Exercise details: Since pictures do not belong in the copy, please repeat every record below exactly without them.
BEGIN Dataset
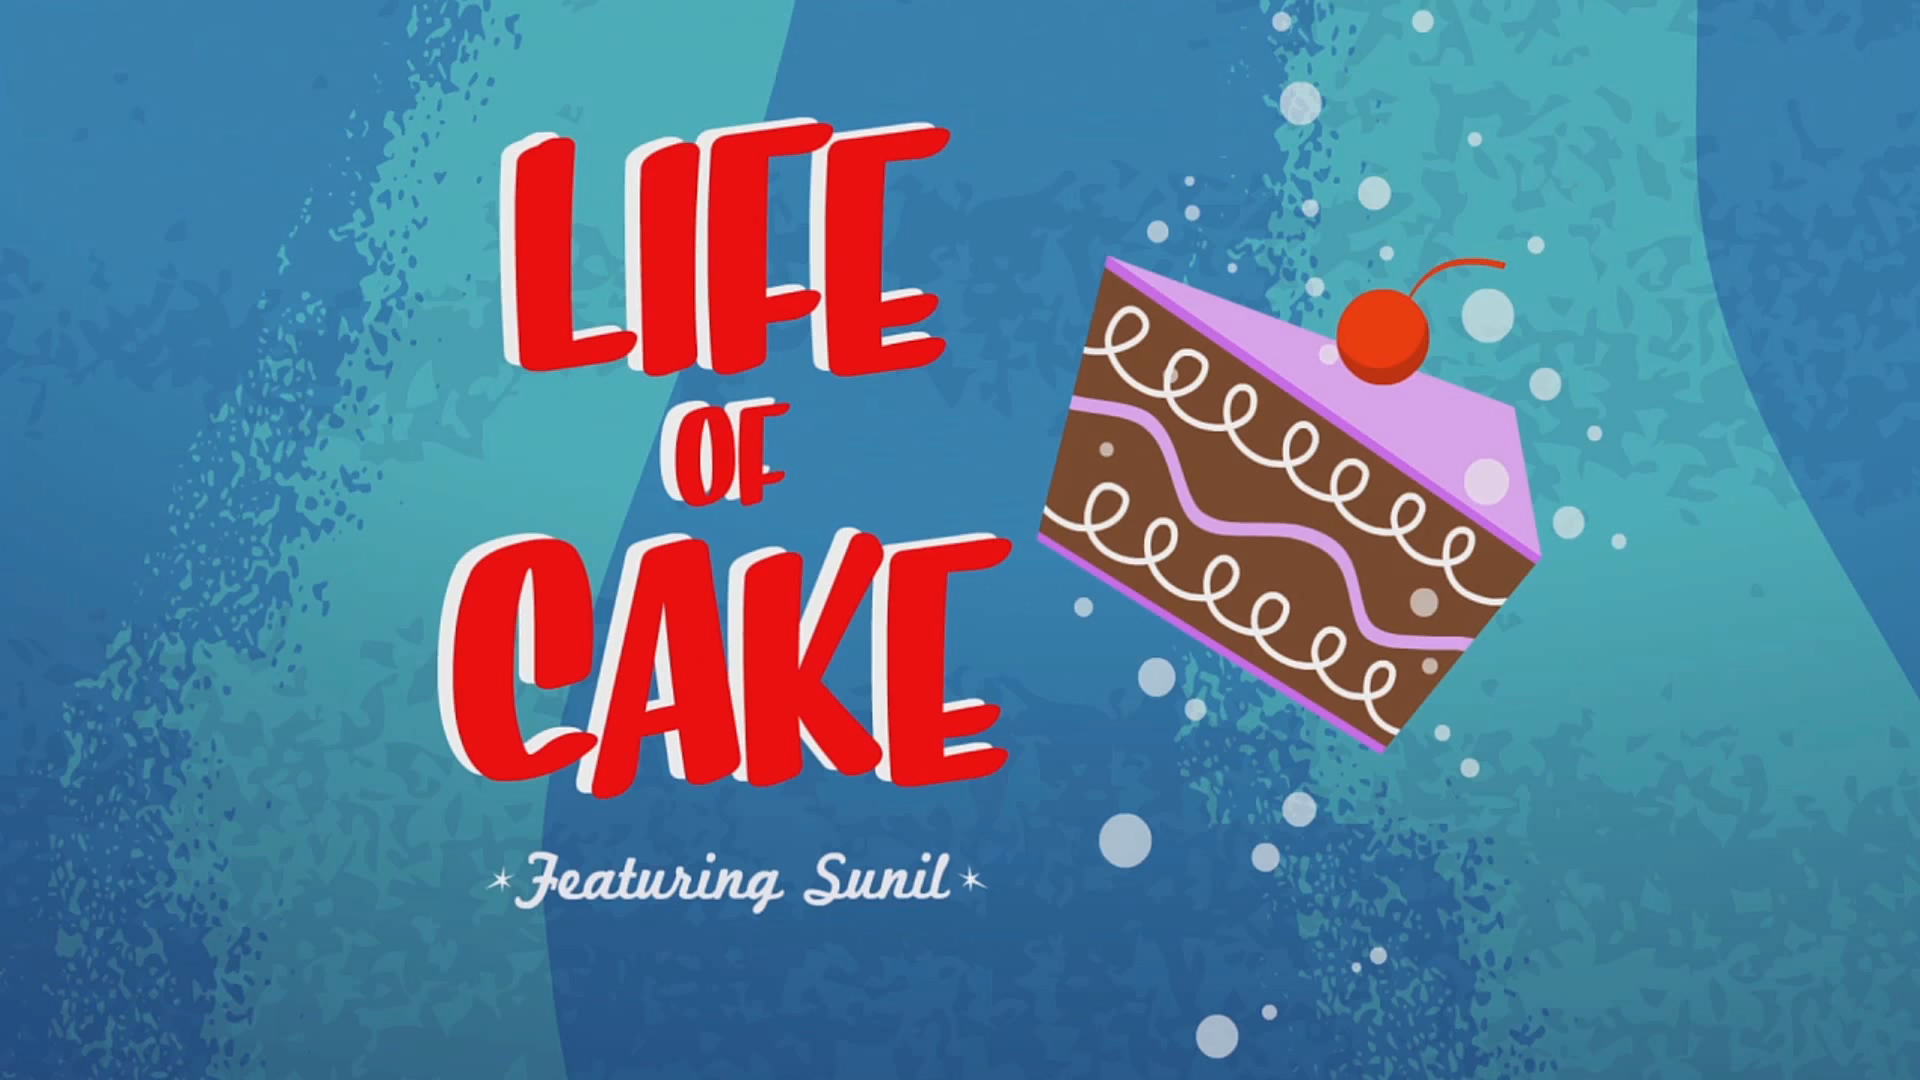 Life of Cake
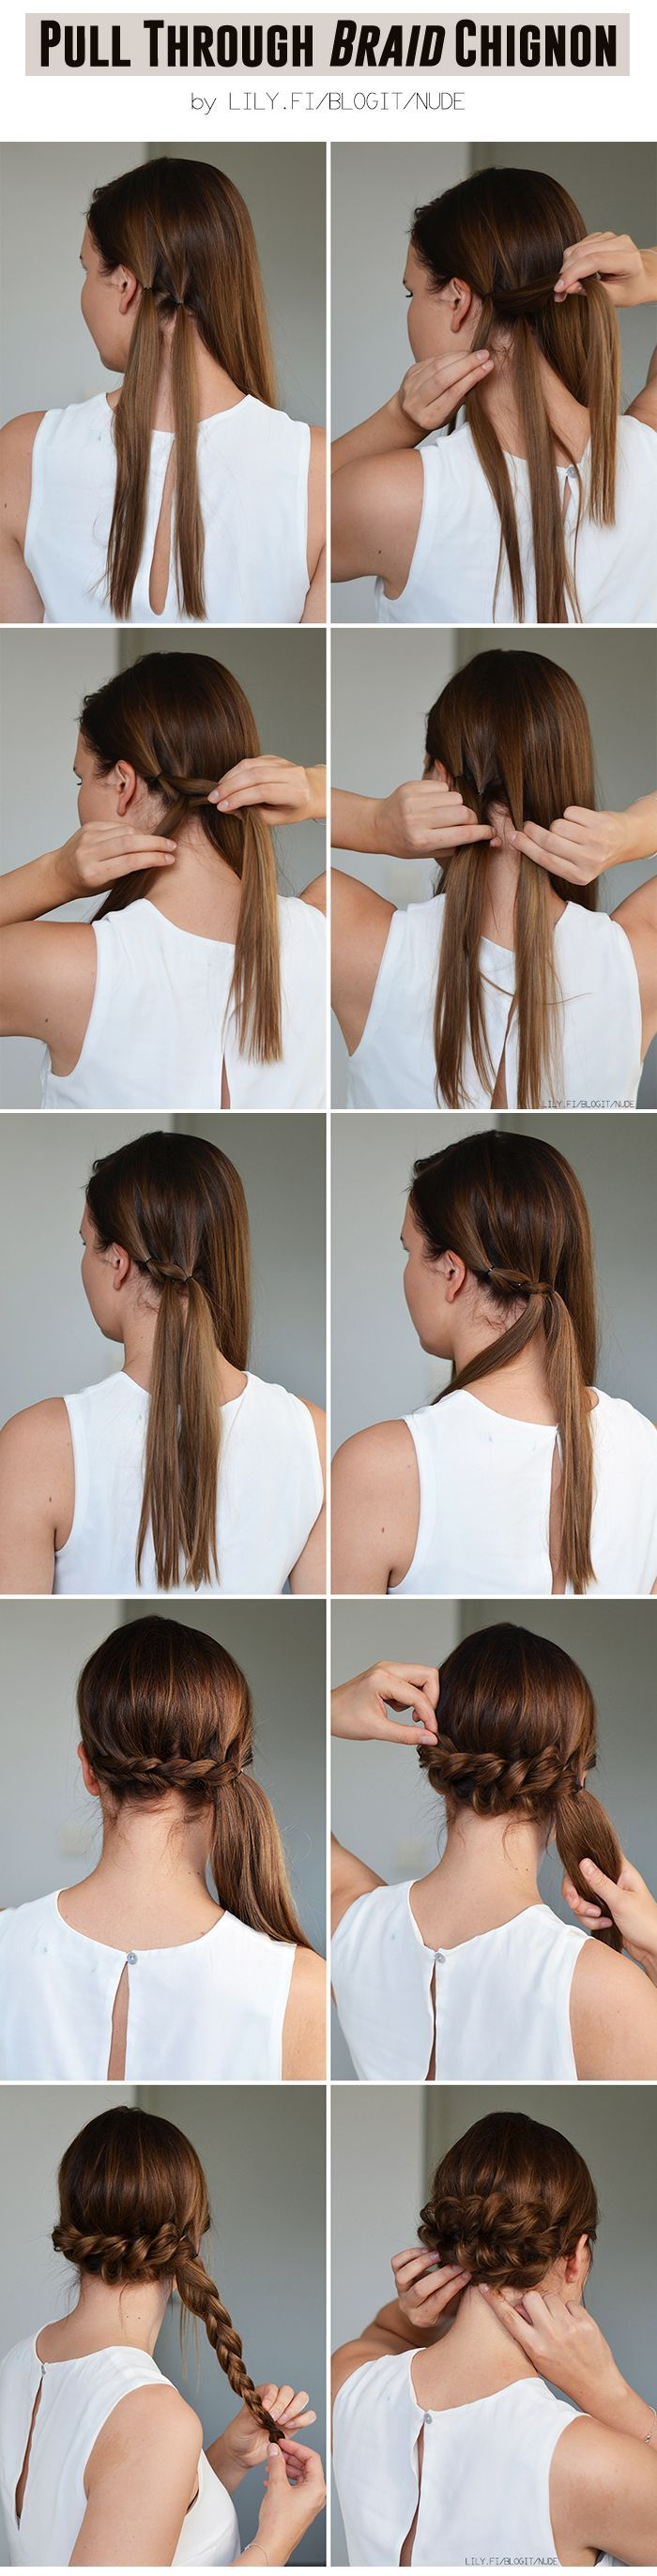 42 best HAIR ARTS images on Pinterest
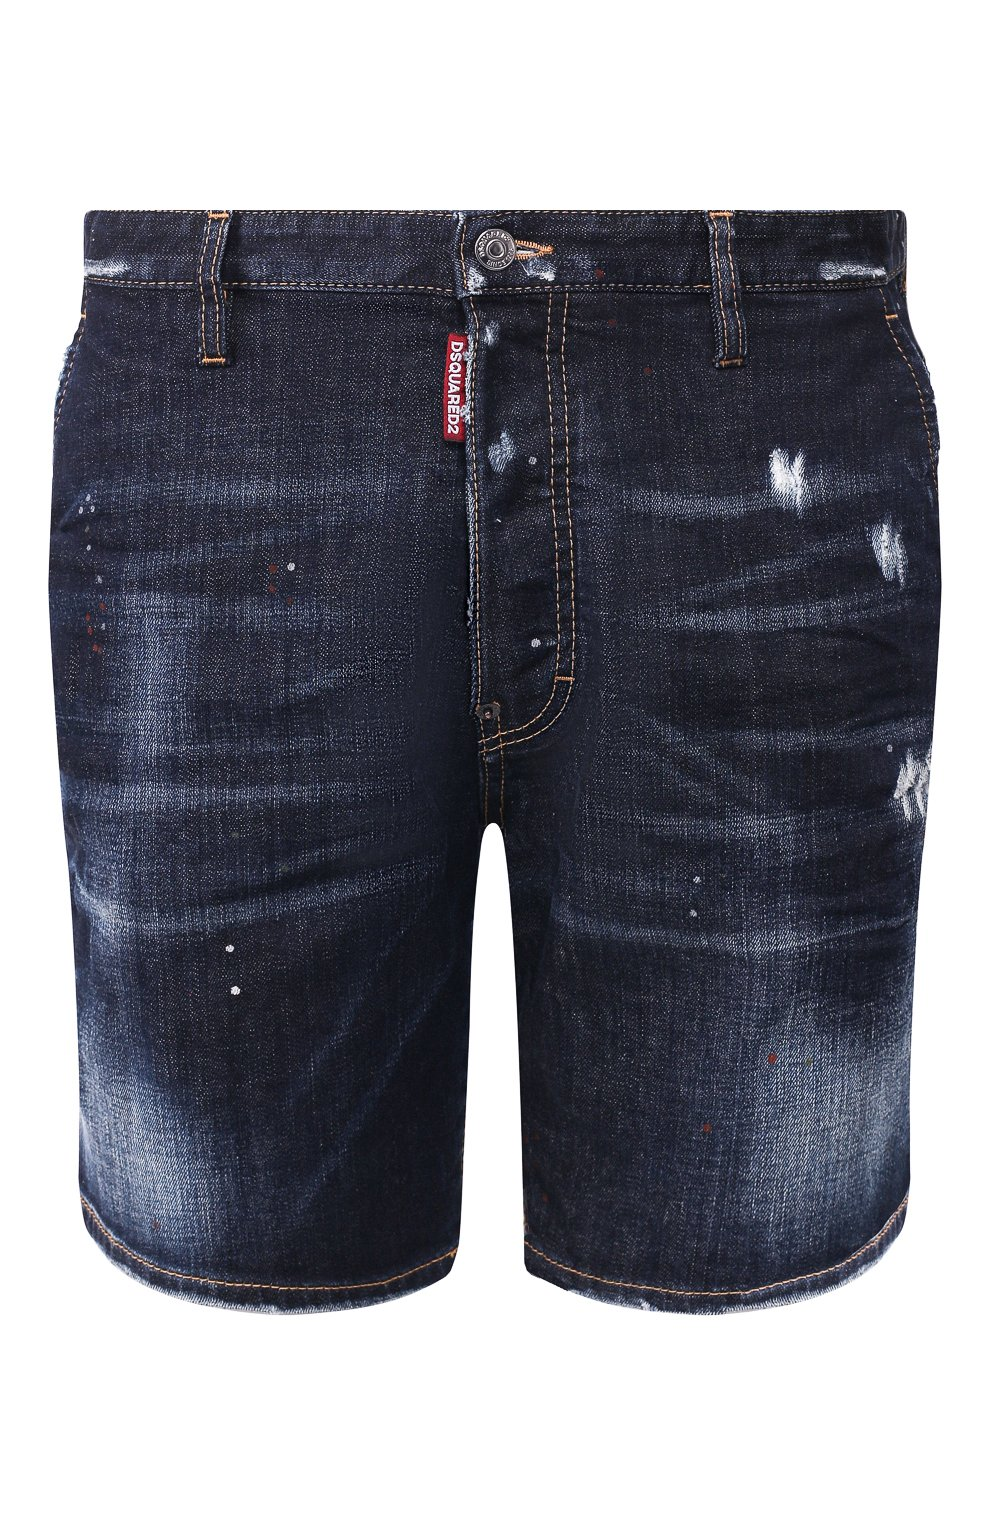 Мужские джинсовые шорты DSQUARED2 темно-синего цвета, арт. S74MU0576/S30664   Фото 1
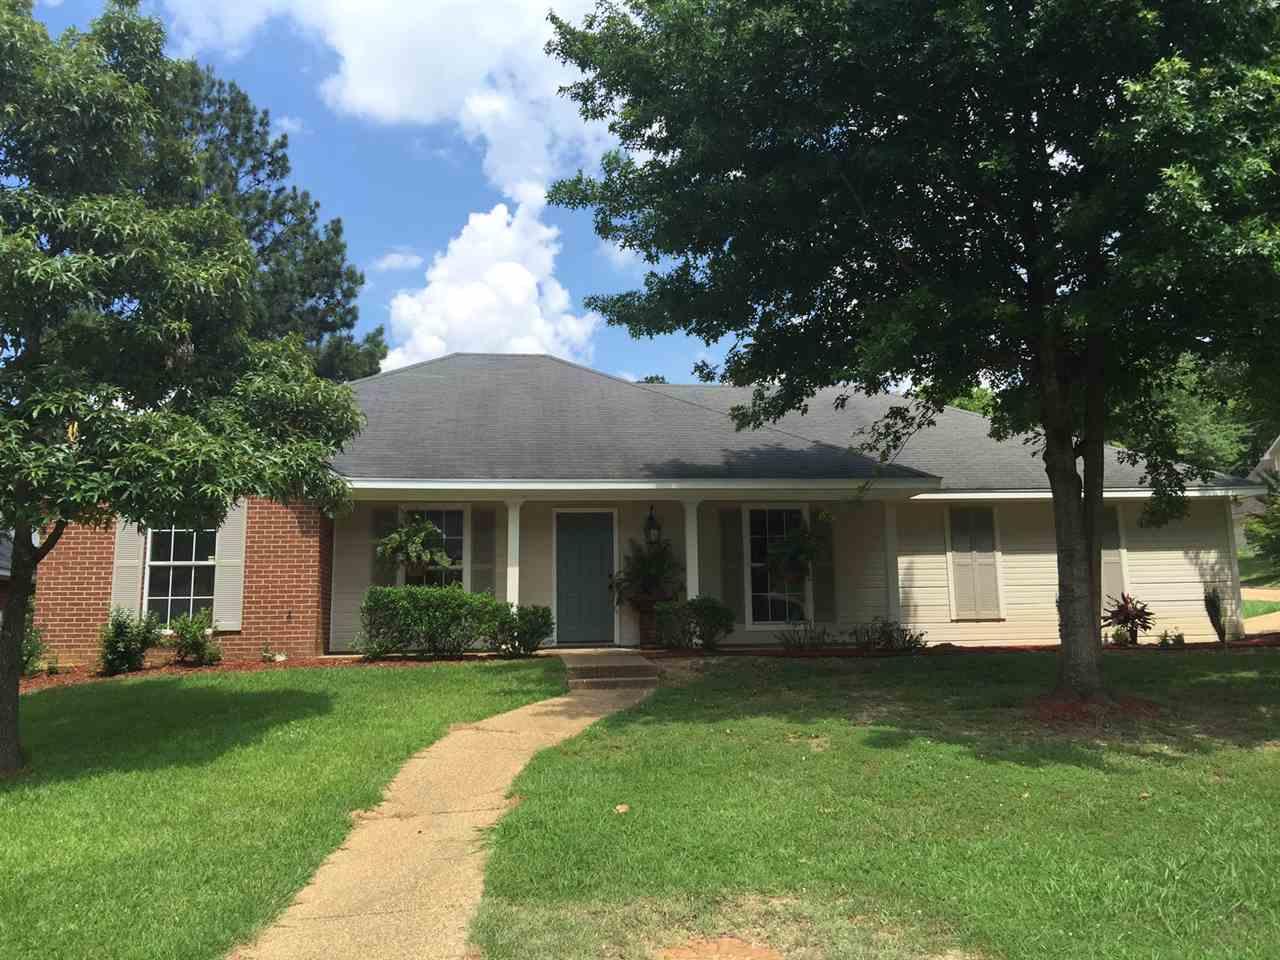 Real Estate for Sale, ListingId: 33839413, Ridgeland,MS39157
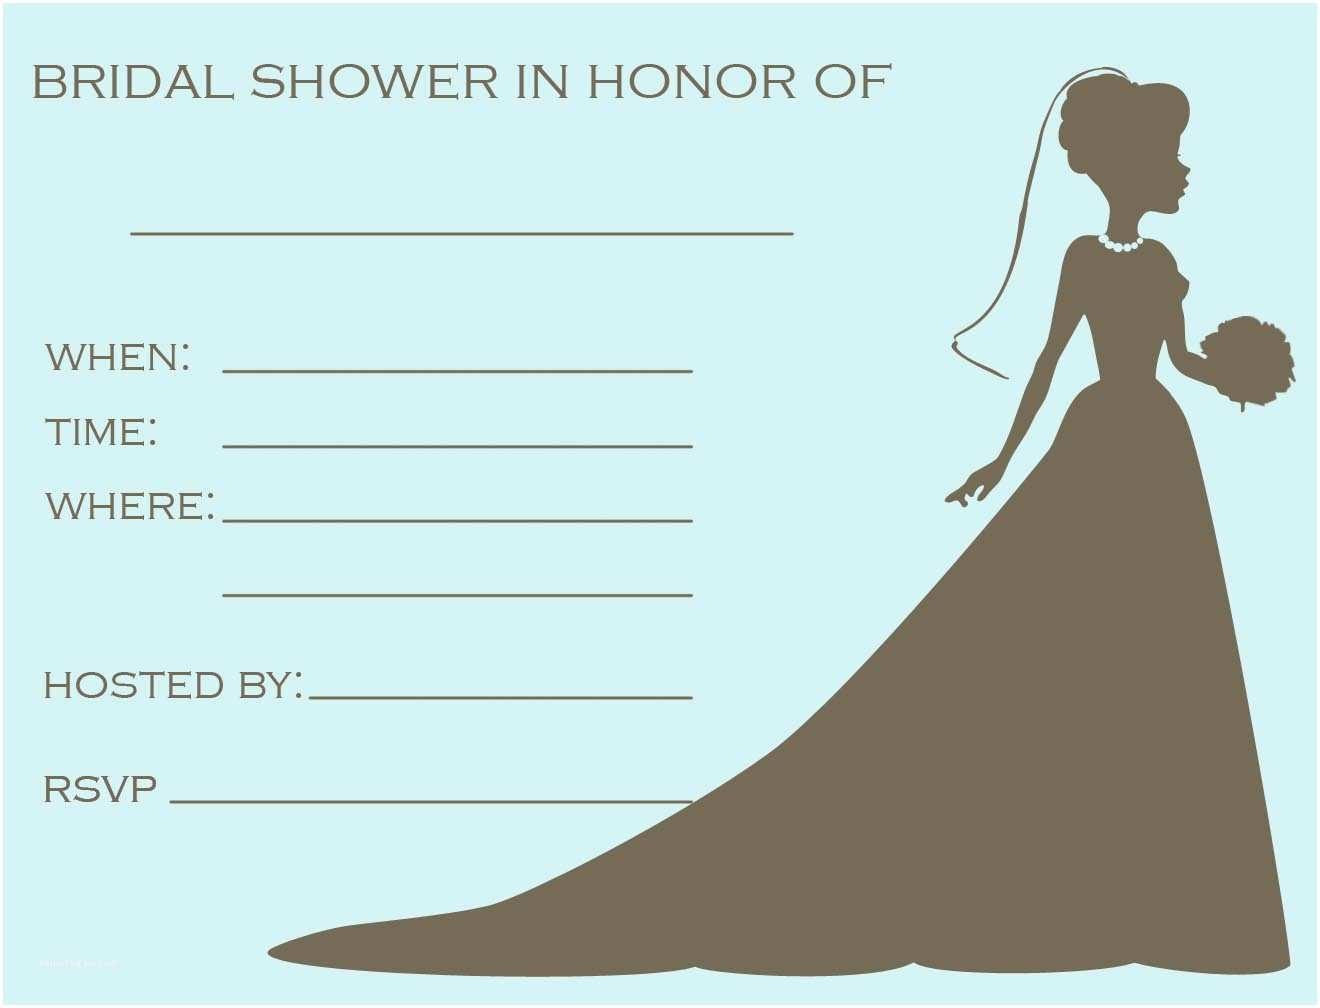 Bridal Shower Invitation Templates 12 Mesmerizing Free Bridal Shower Flyer Templates Demplates
END Dataset
Your solution:
 Life of Cake
 42 best HAIR ARTS images on Pinterest
 Мужские джинсовые шорты DSQUARED2 темно-синего цвета, арт. S74MU0576/S30664   Фото 1
 Real Estate for Sale, ListingId: 33839413, Ridgeland,MS39157
 Bridal Shower Invitation Templates 12 Mesmerizing Free Bridal Shower Flyer Templates Demplates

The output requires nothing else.